FIRSTAMENDMENTVILLE—In late February, The New York Times editorialized about the Stolen Valor Act, which makes it a crime to lie about having served in the military or about having been honored by the government for having done so. The court case which gave rise to the editorial, U.S. v. Alvarez, was argued before the Supreme Court on February 21.

The Times made the excellent point—one elaborated upon by several others—that as much as it would be nice if everyone told the truth all the time in their public statements, the law as written goes too far and, according to Ninth Circuit Chief Judge Alex Kozinski, leaves "wide areas of public discourse to the mercies of the truth police."

But then, in an attempt to bolster its case, The Times slipped in a gratituous slam against adult content ... and the Cranky Old Guy called them on it in a letter The Times declined to print:

To the Editor,

What a shame that in editorializing ("Honor and Free Speech," Feb. 22) in support of Xavier Alvarez's First Amendment right to lie about his non-existent military service and non-receipt of a Congressional Medal of Honor, The Times has inadvertently supported its own right to lie: About "obscenity."

"Mr. Alvarez’s lies were not inherently harmful to others, like libel or obscenity, so they do not fall outside the First Amendment’s coverage," you wrote.

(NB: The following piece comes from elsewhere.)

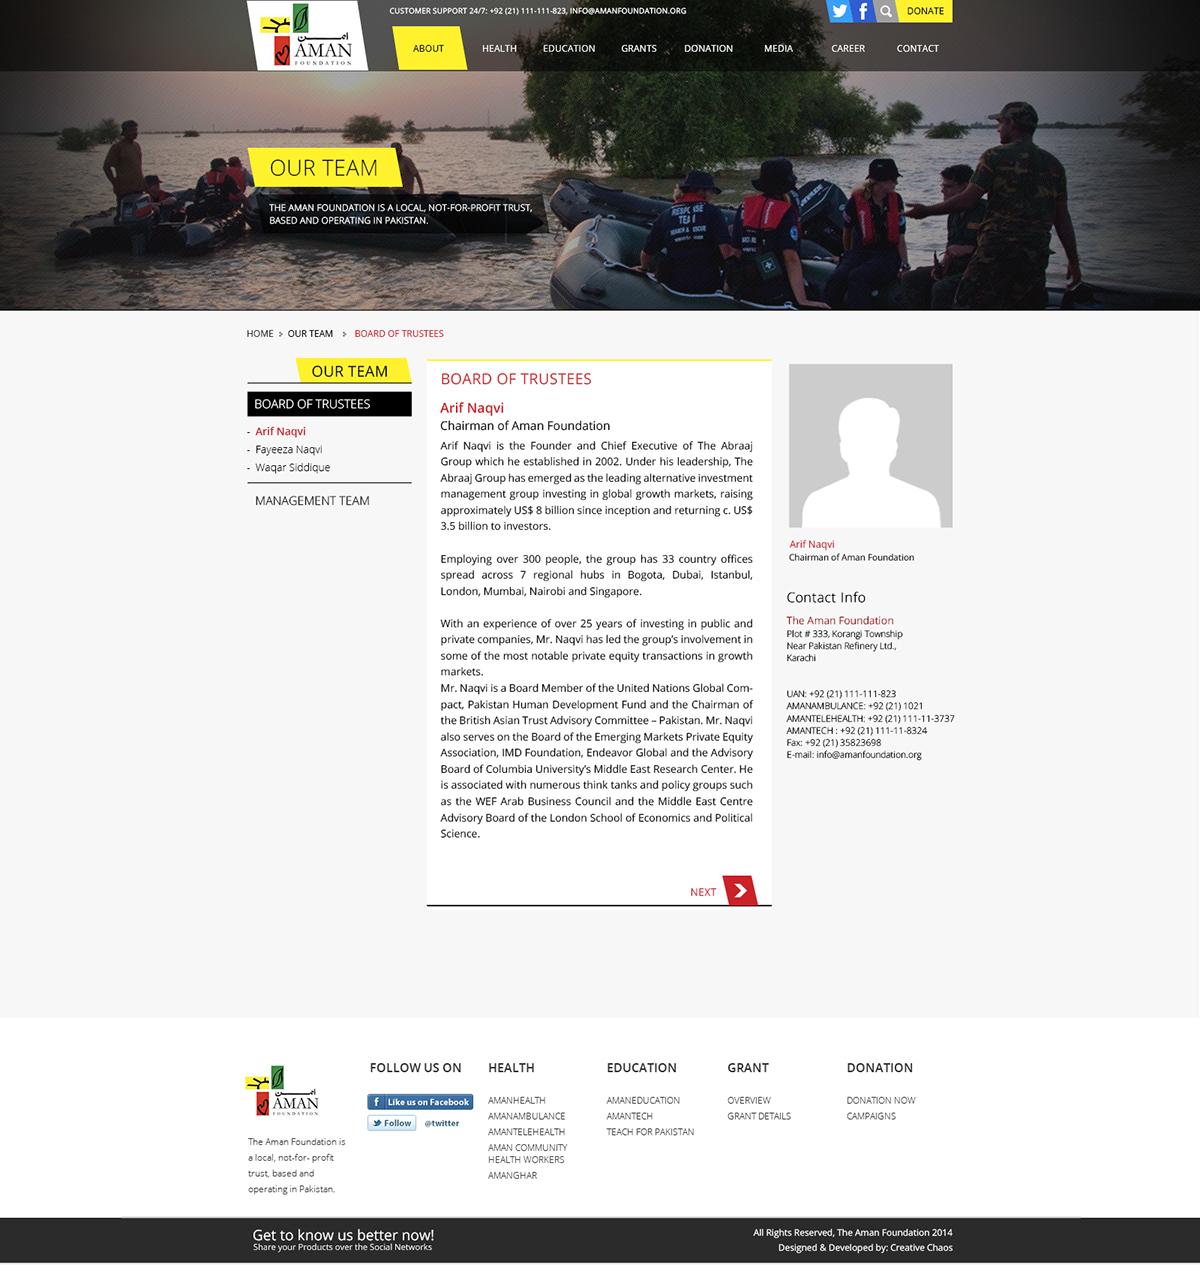 Aman Foundation Website Design on Behance

However, there is no peer-reviewed scientific data that has shown that obscenity is "inherently harmful" to anyone, and even the Supreme Court has ruled, in Stanley v. Georgia (1969), that citizens may lawfully possess obscene material in their homes—a strange position for the high court to take if it believed that obscenity were actually intrinsically harmful.

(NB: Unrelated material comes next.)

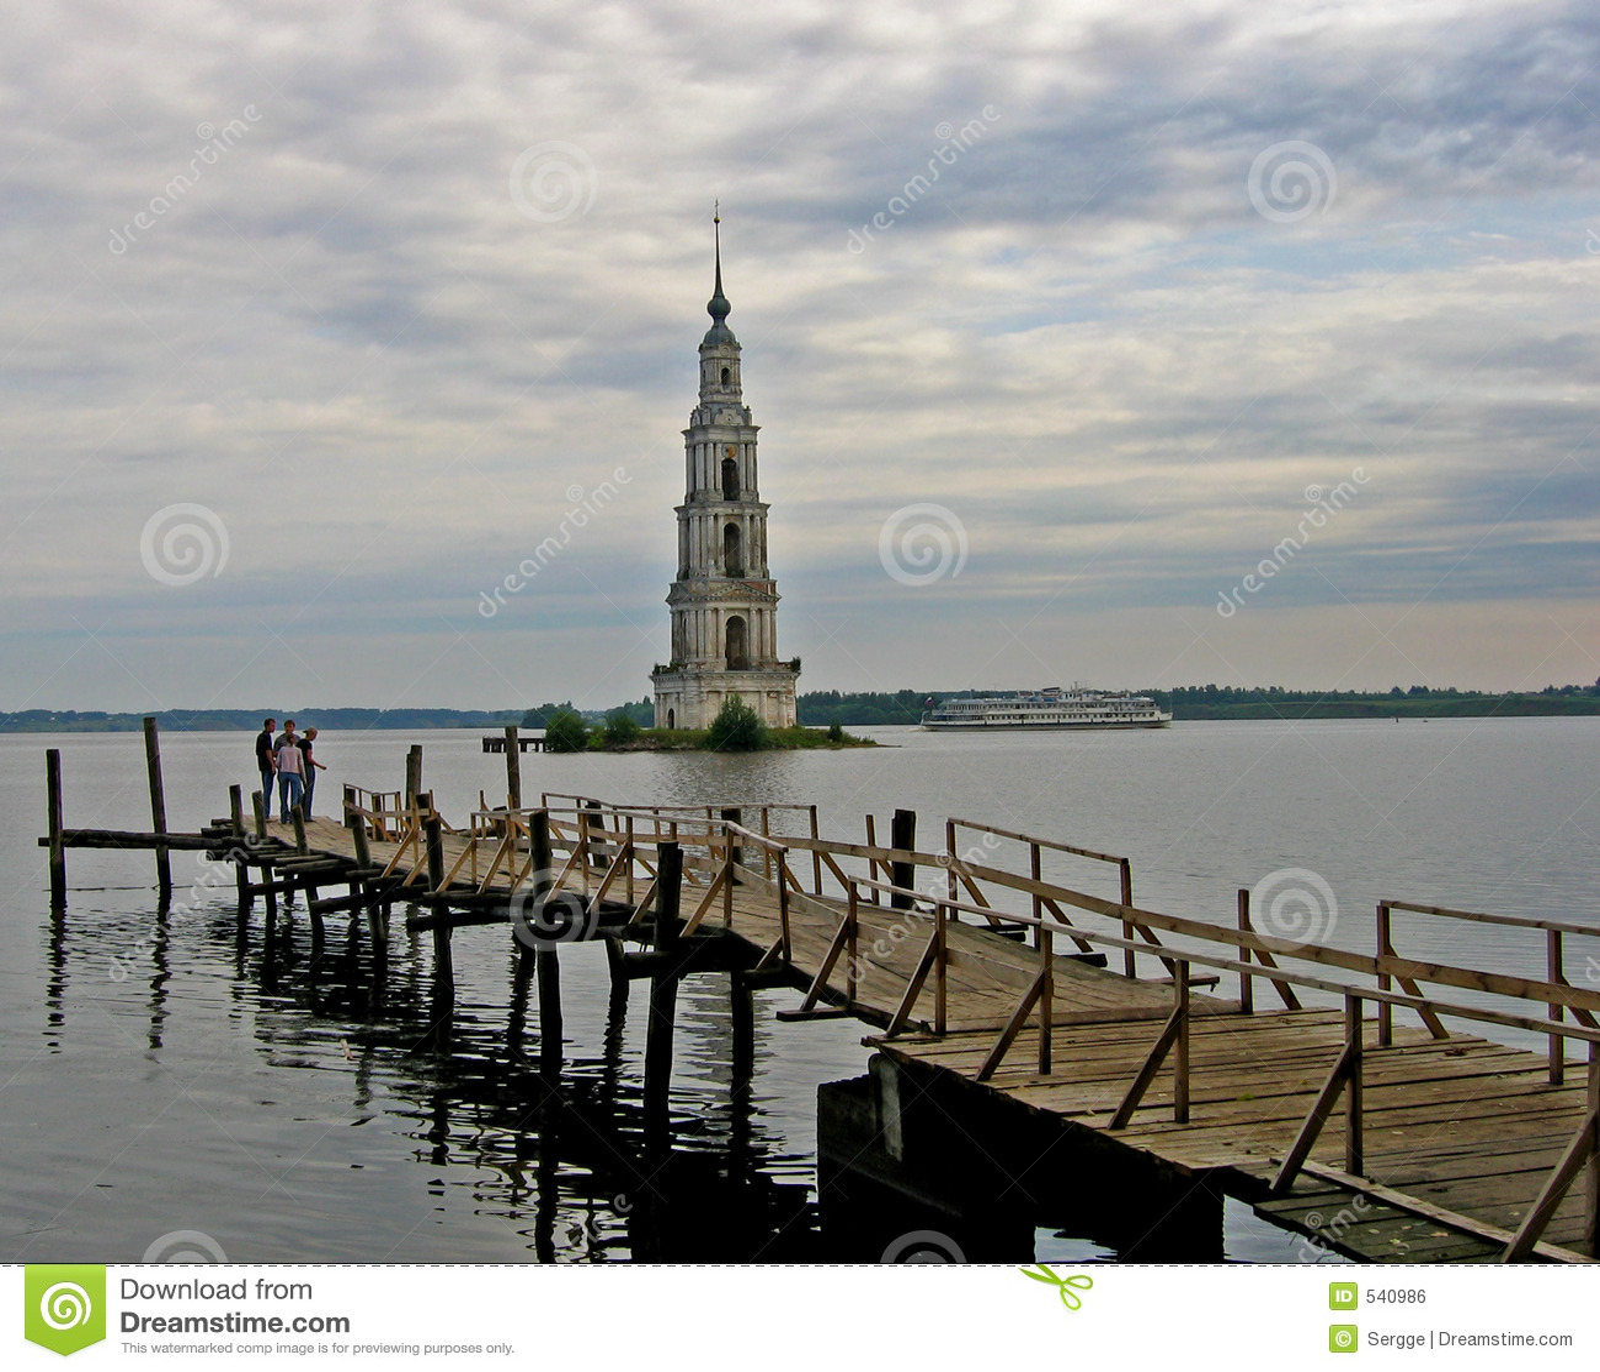 Download 响铃淹没了kalyasin俄国塔 库存照片. 图片 包括有 云彩, 淹没, 人们, 伏尔加河, 俄国, 响铃 - 540986

Moreover, despite the hundreds of obscenity prosecutions that have taken place over the years at the federal, state and municipal levels, in not one single instance has a prosecutor ever called a witness to testify that he or she had been personally harmed by exposure to "obscene" material. Instead, they rely on anecdotal reports from pro-censorship groups and appeals to the "community standards," when it's long been clear that the vast majority of Americans have never discussed their sexual preferences, let along their sexual media preferences, with their neighbors in order for the jurors selected to try the case to form an idea of what are their own community's "standards."

And finally, of course, there is nothing in the First Amendment itself that allows even the Supreme Court to exempt "obscenity" from the unqualified rights of "freedom of speech, or of the press." (This same prohibition, of course, would apply to such banned speech as defamation and fraud, but the solution is not to summarily ban such speech by Supreme Court edict; it's to pass a constitutional amendment to exempt those forms of speech from First Amendment protections. The fact that Americans appear to be too lazy or complacent to do the work necessary to comply with the Constitution's speech clauses is not an excuse to ignore that document's clear wording.)

So as long as The Times has taken the stance that non-harmful speech is fully protected by the Constitution, perhaps it should rethink its mistaken impression that anyone is harmed by "obscene" speech.